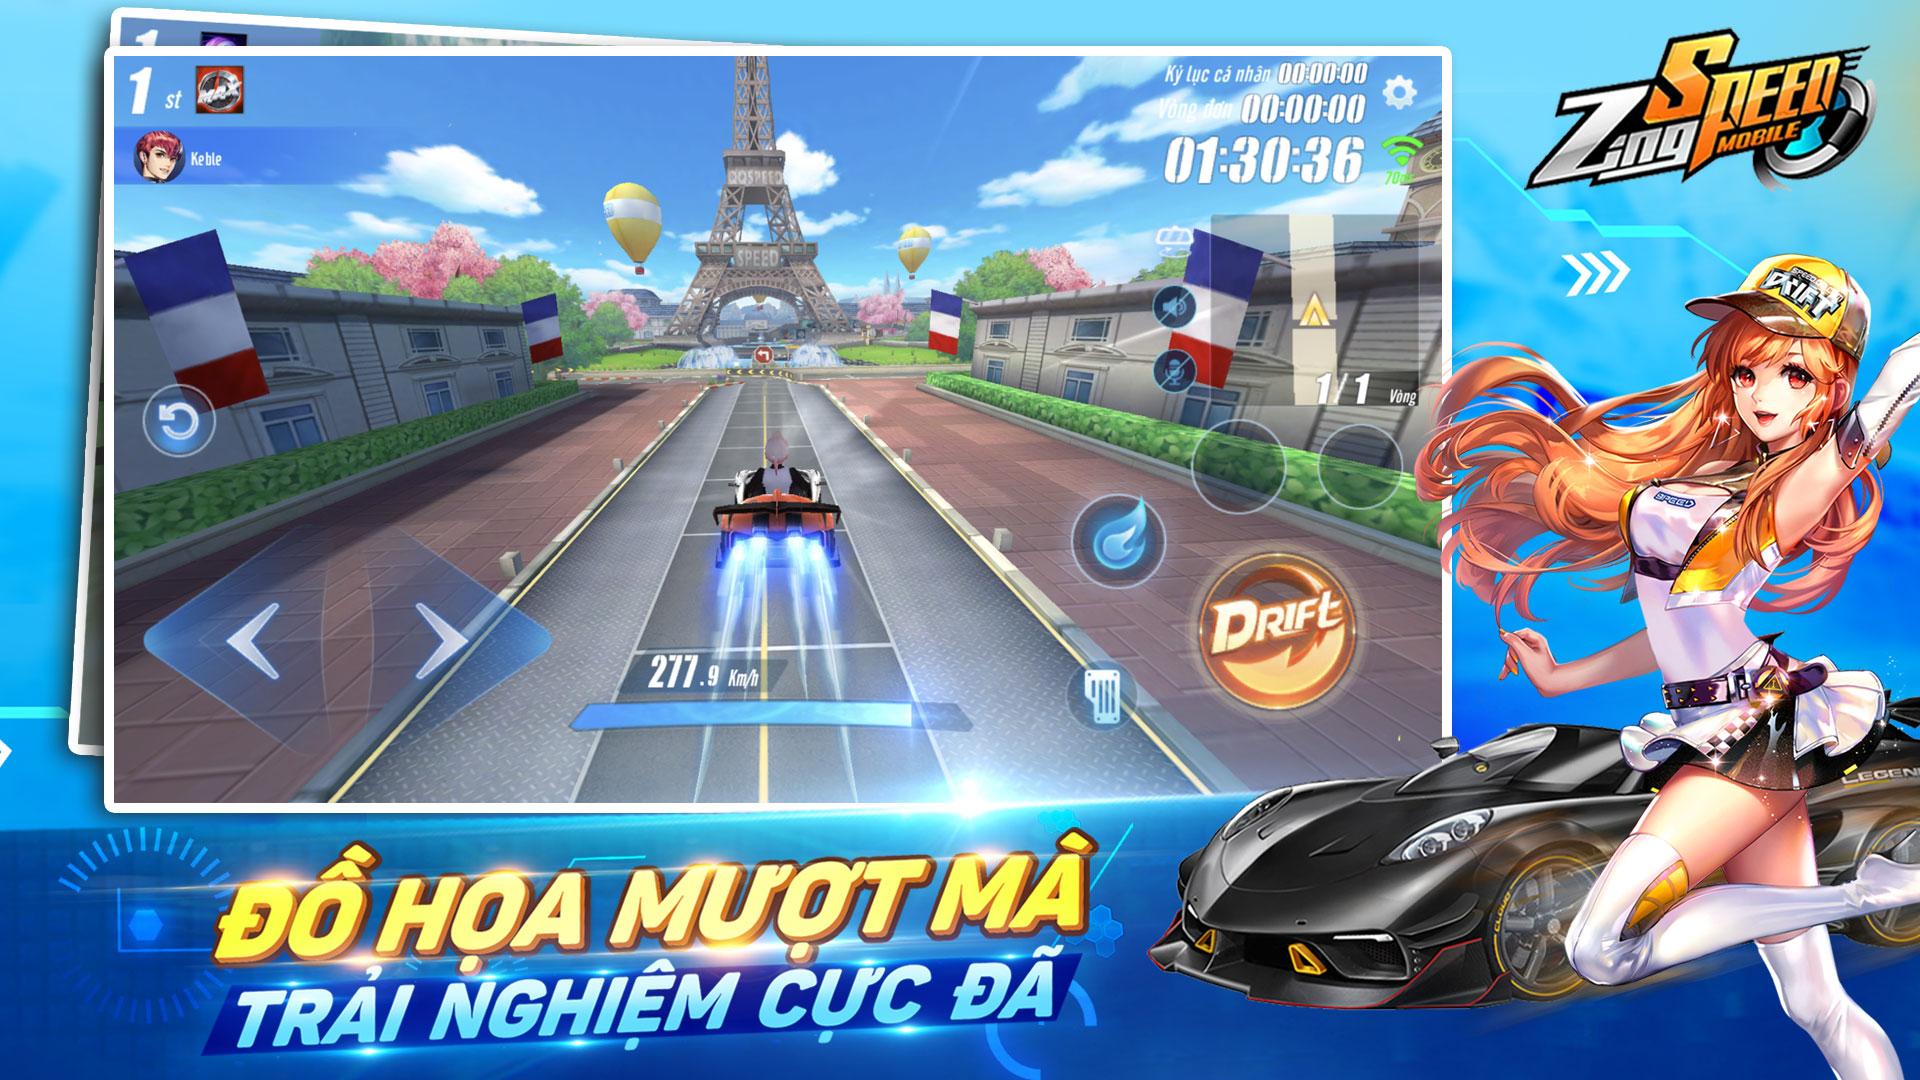 ZingSpeed Mobile for Android - APK Download - 
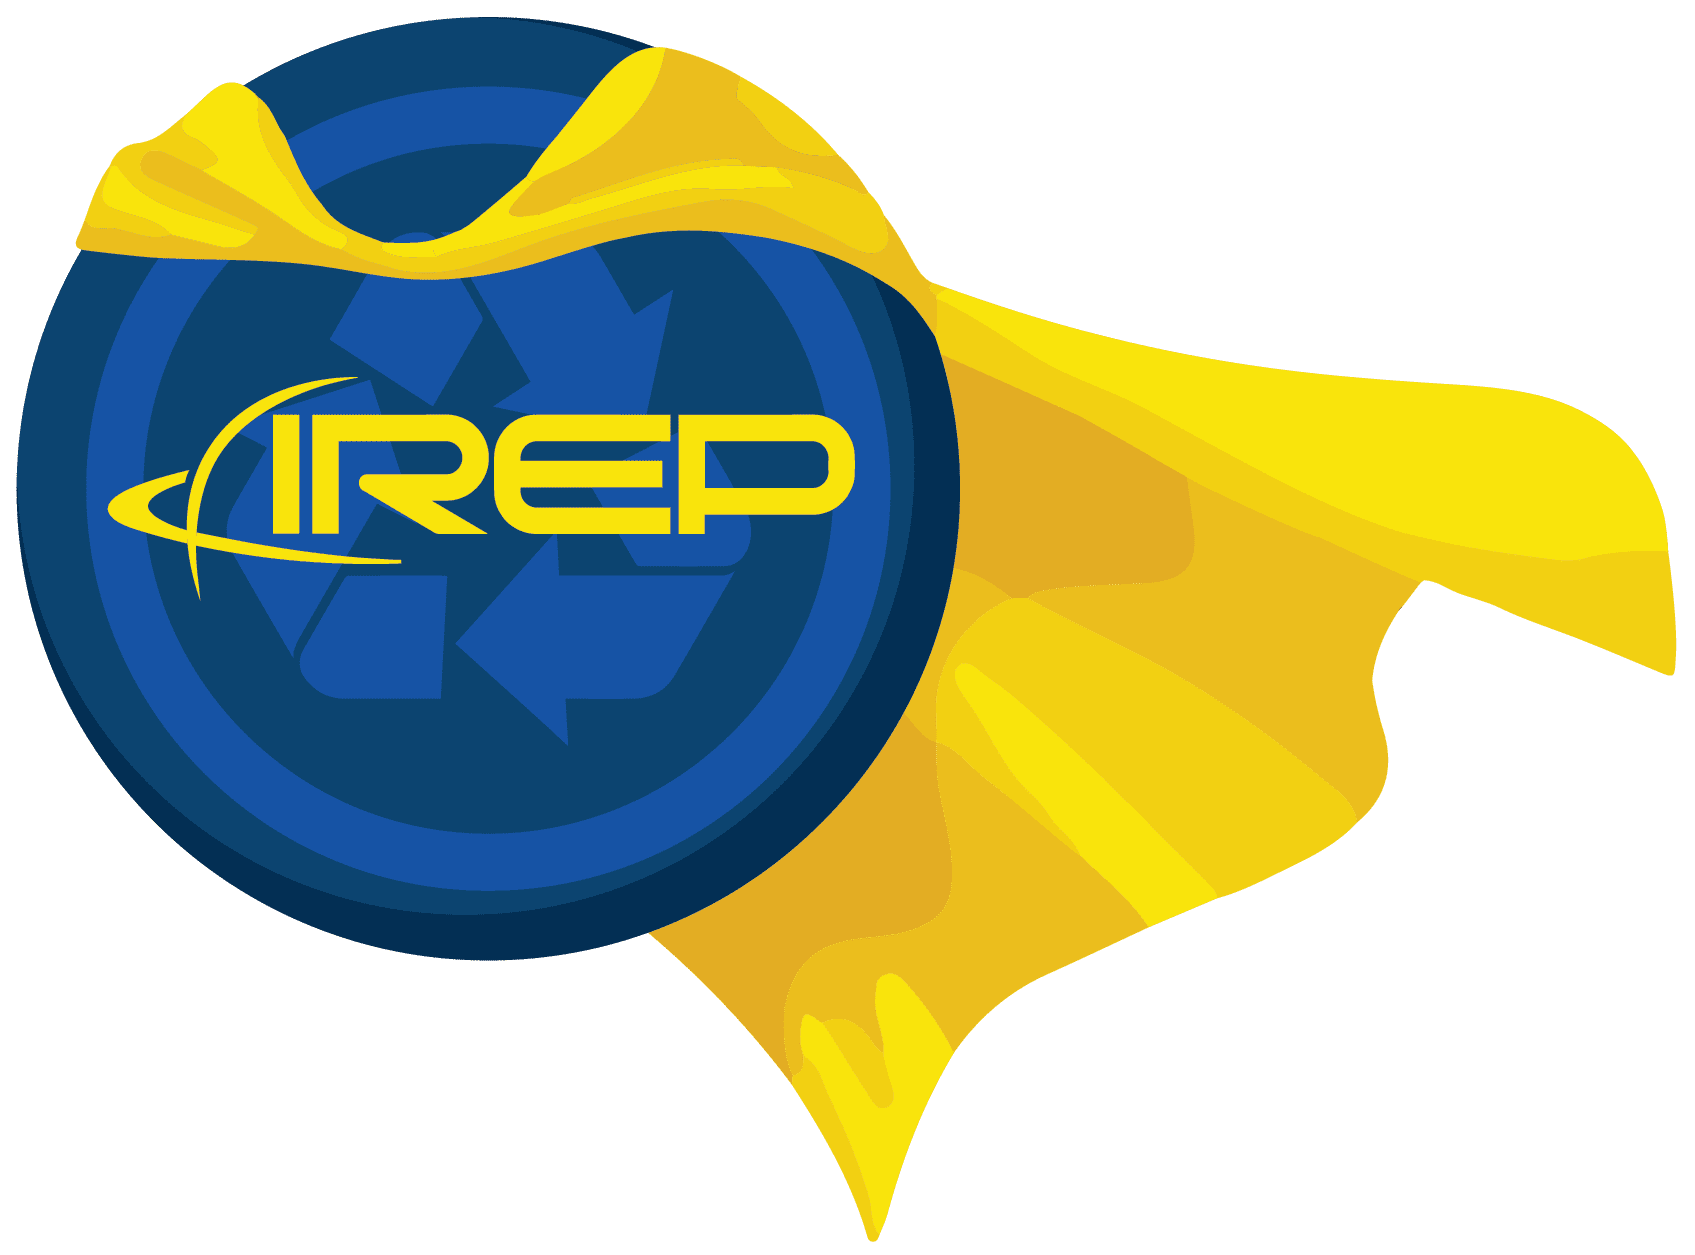 IREP Junk removal logo caped shield
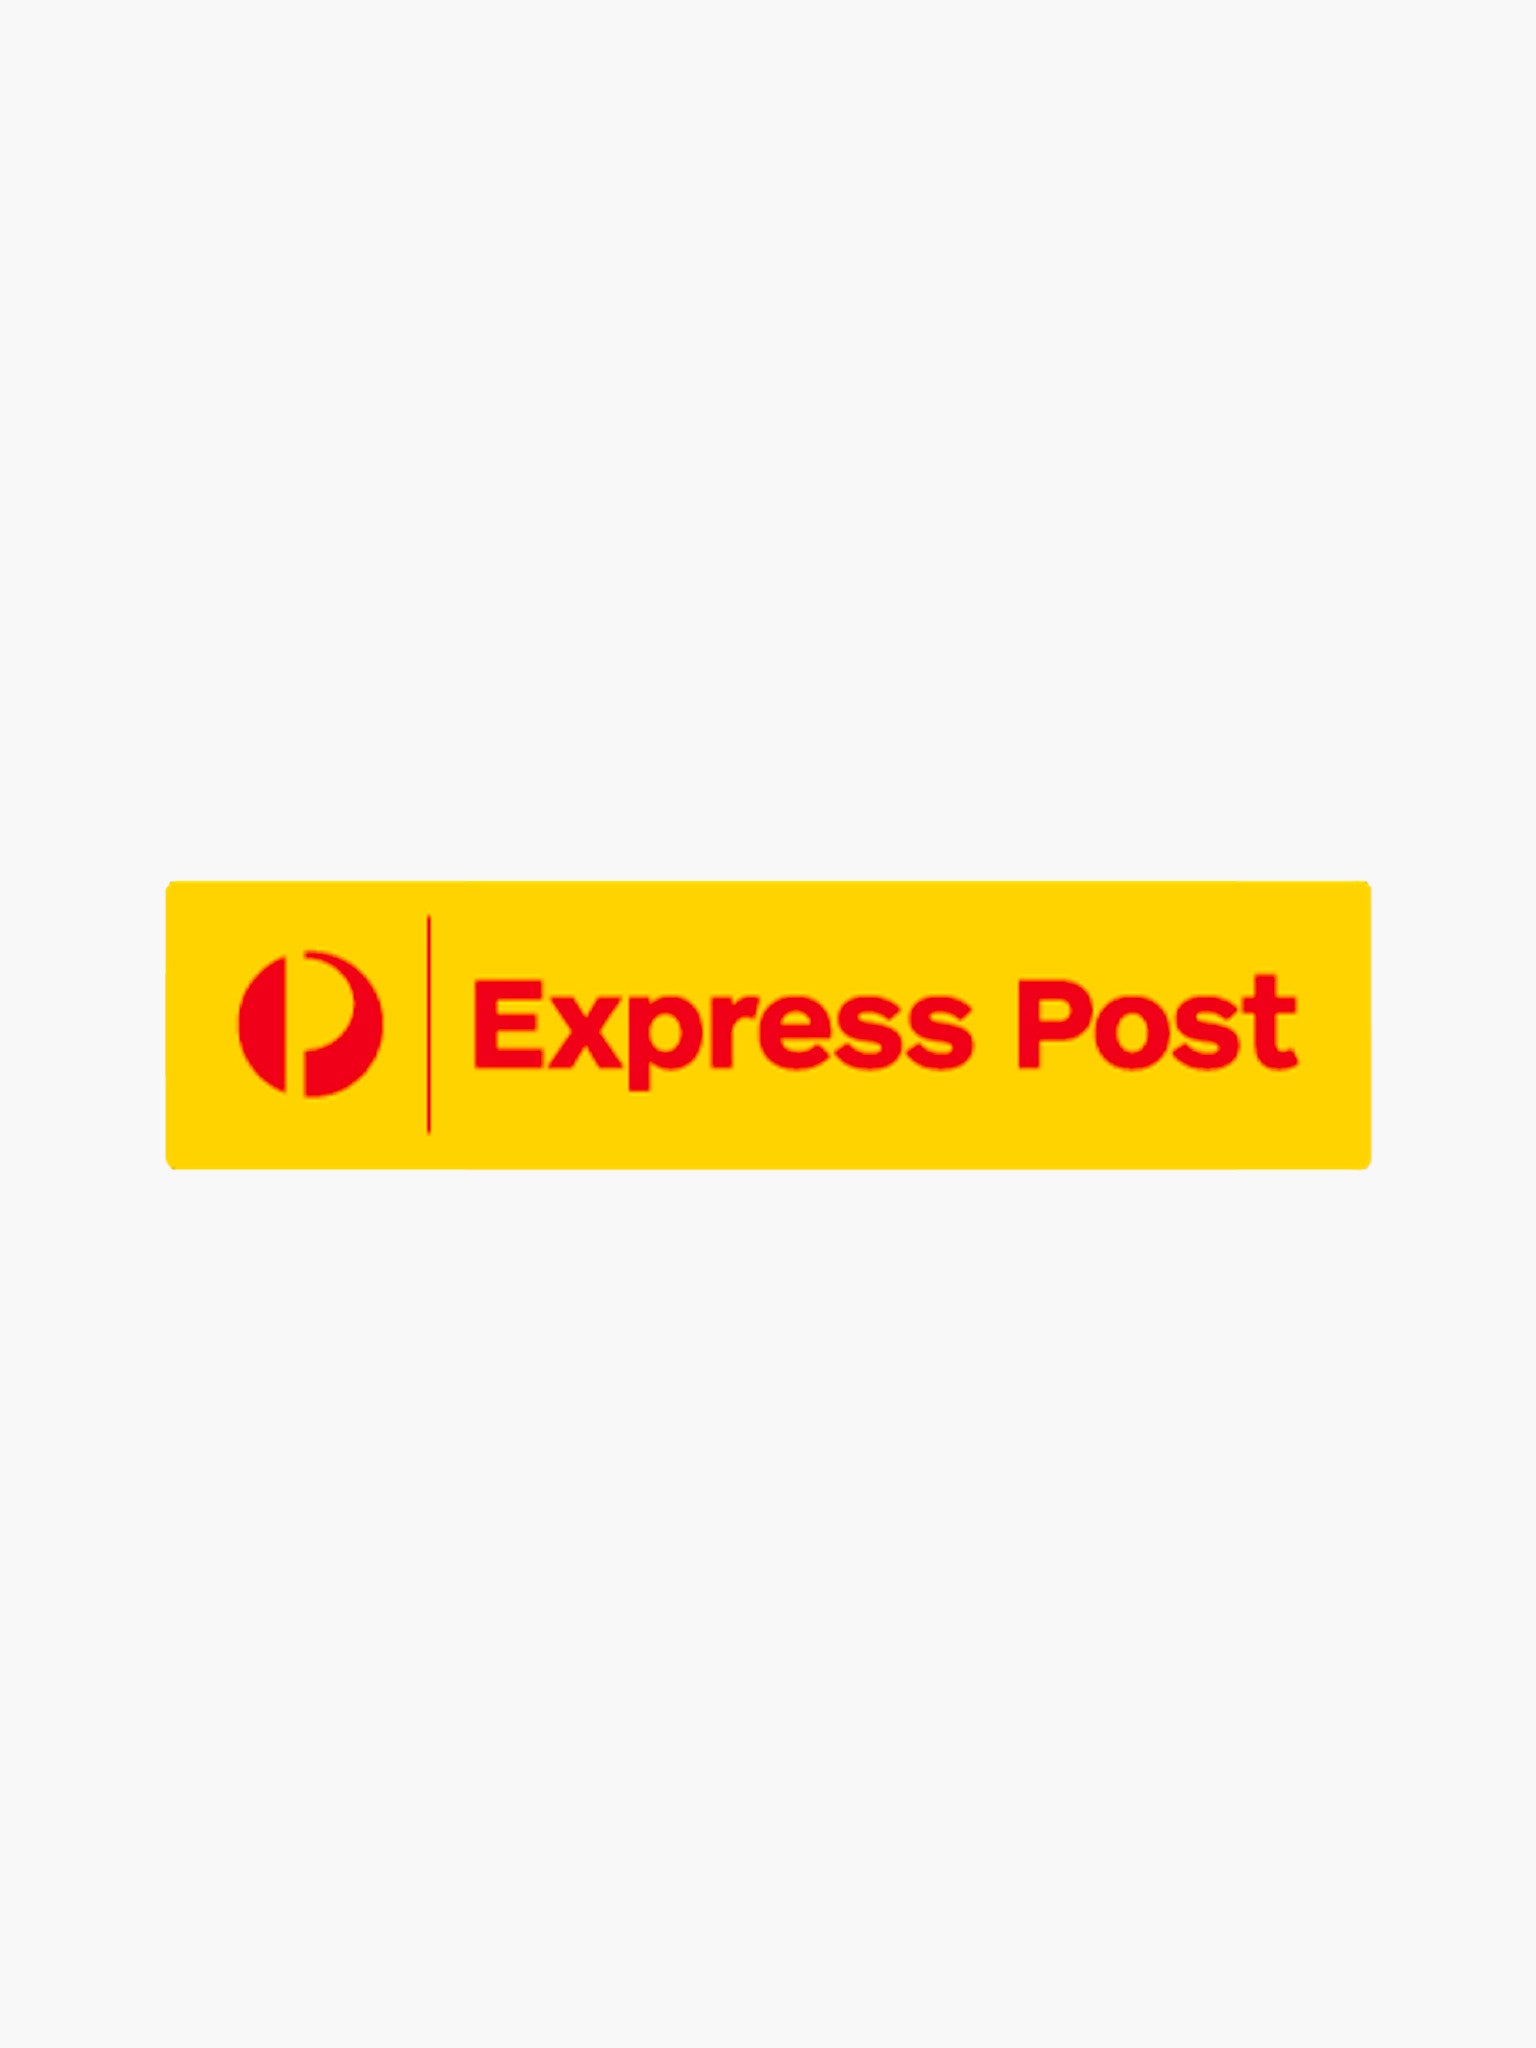 Shipping Upgrade - Express Post (Domestic)

■ TASK ITEM:
Without altering anything, output all the lines above but none of the images.

■ EXPECTED ANSWER:
 ZingSpeed Mobile for Android - APK Download - 
 IREP Junk removal logo caped shield
 Shipping Upgrade - Express Post (Domestic)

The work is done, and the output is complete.